Staff Reports Posted 5 May 2017 at 10:26 am

Provided photo: Ayden Amrhein is pictured with his collection jug. He is having his head shaved on May 27 to raise funds for Roswell Institute.

MEDINA – Ayden Amrhein has almost reached his goal of raising $800 in a Goin’ Bald for Bucks challenge. Proceeds go to cancer research and patient care at Roswell Institute.

The Clifford Wise Middle School student said he was inspired by an aunt who had thyroid cancer. Once he stated his mission, friends, family, classmates and community members have rallied around him and so far he has collected $500.

Every morning he goes to the jug he has set up in the school’s main office and checks his page on the Goin’ Bald for Bucks to check his total. To see Ayden’s page, click here.

Ayden on May 27 will be going to Shear Elegance in Medina to get his head shaved.

“I think my classmates don’t believe I am going to shave my head, but I am going to. I think they all want to see me bald,” he laughs.

“I am just so proud of him,” says Principal Elaine Wendt. “Having a student who takes so much interest in other people and the lives of others is really great.  It is nice to see a student make a contribution to society.”

Mrs. Wendt says the posters that Ayden has hung up at the school have raised students’ awareness and got them asking questions.

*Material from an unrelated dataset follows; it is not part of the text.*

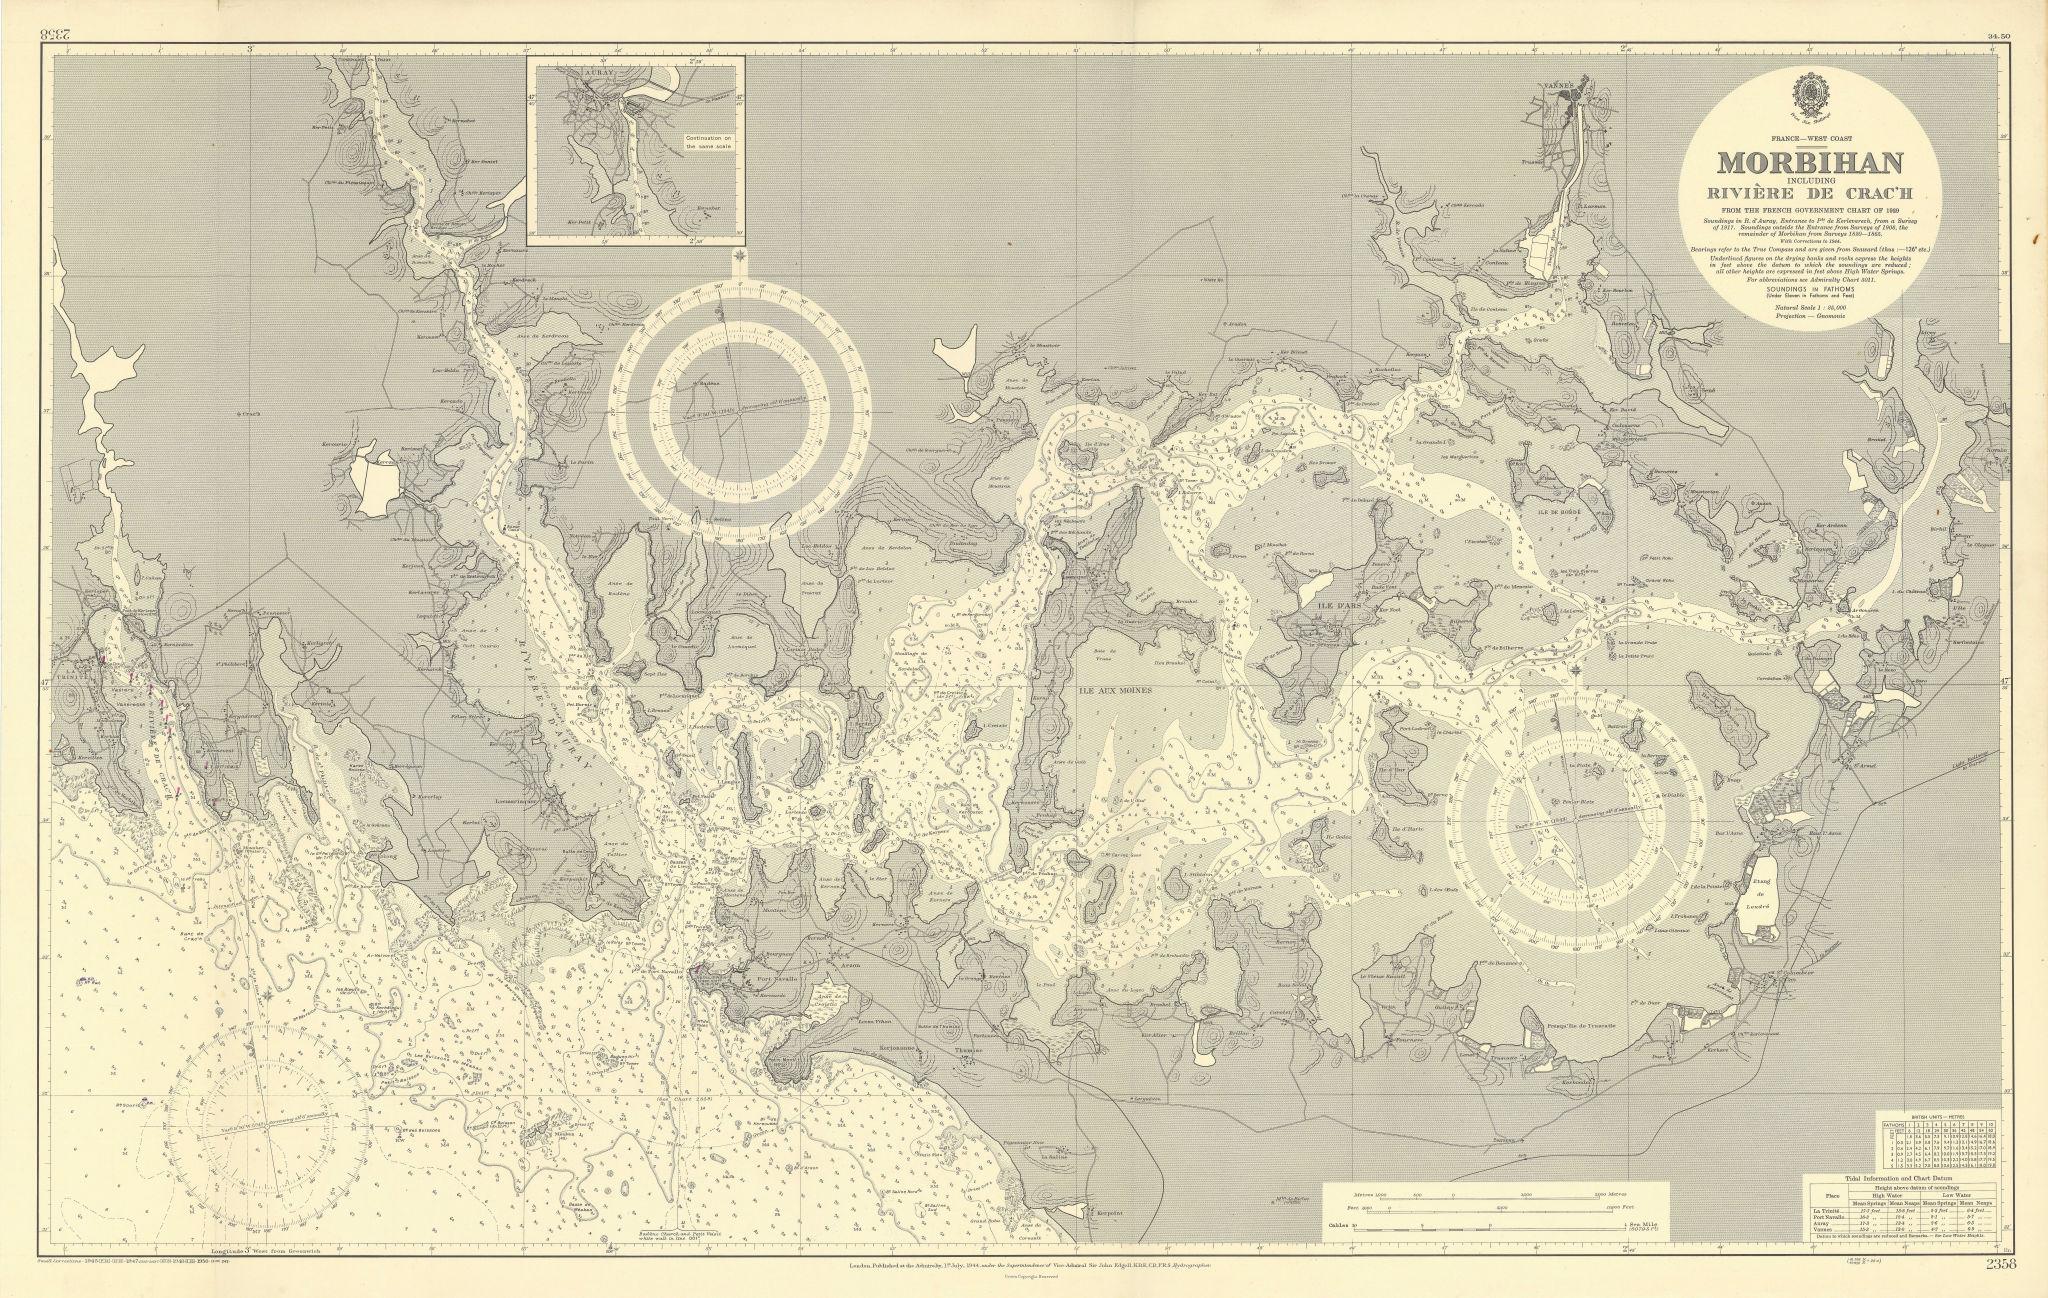 Gulf of Morbihan Rivière de Crac'h Vannes ADMIRALTY sea chart 1944 (1950) map

“I think it’s great that he is inspiring others and being an advocate,” Wendt said. “We are all hoping he can reach his goal.”

Ayden on his Goin’ Bald page said he is thankful his aunt Carrie survived cancer.

“Seven years ago for Christmas, I asked Santa to make my Aunt Carrie cancer free,” he writes on his page. “Santa gave me that gift, and now I’d like to give back! Help me reach my goal and I will completely shave my head!!”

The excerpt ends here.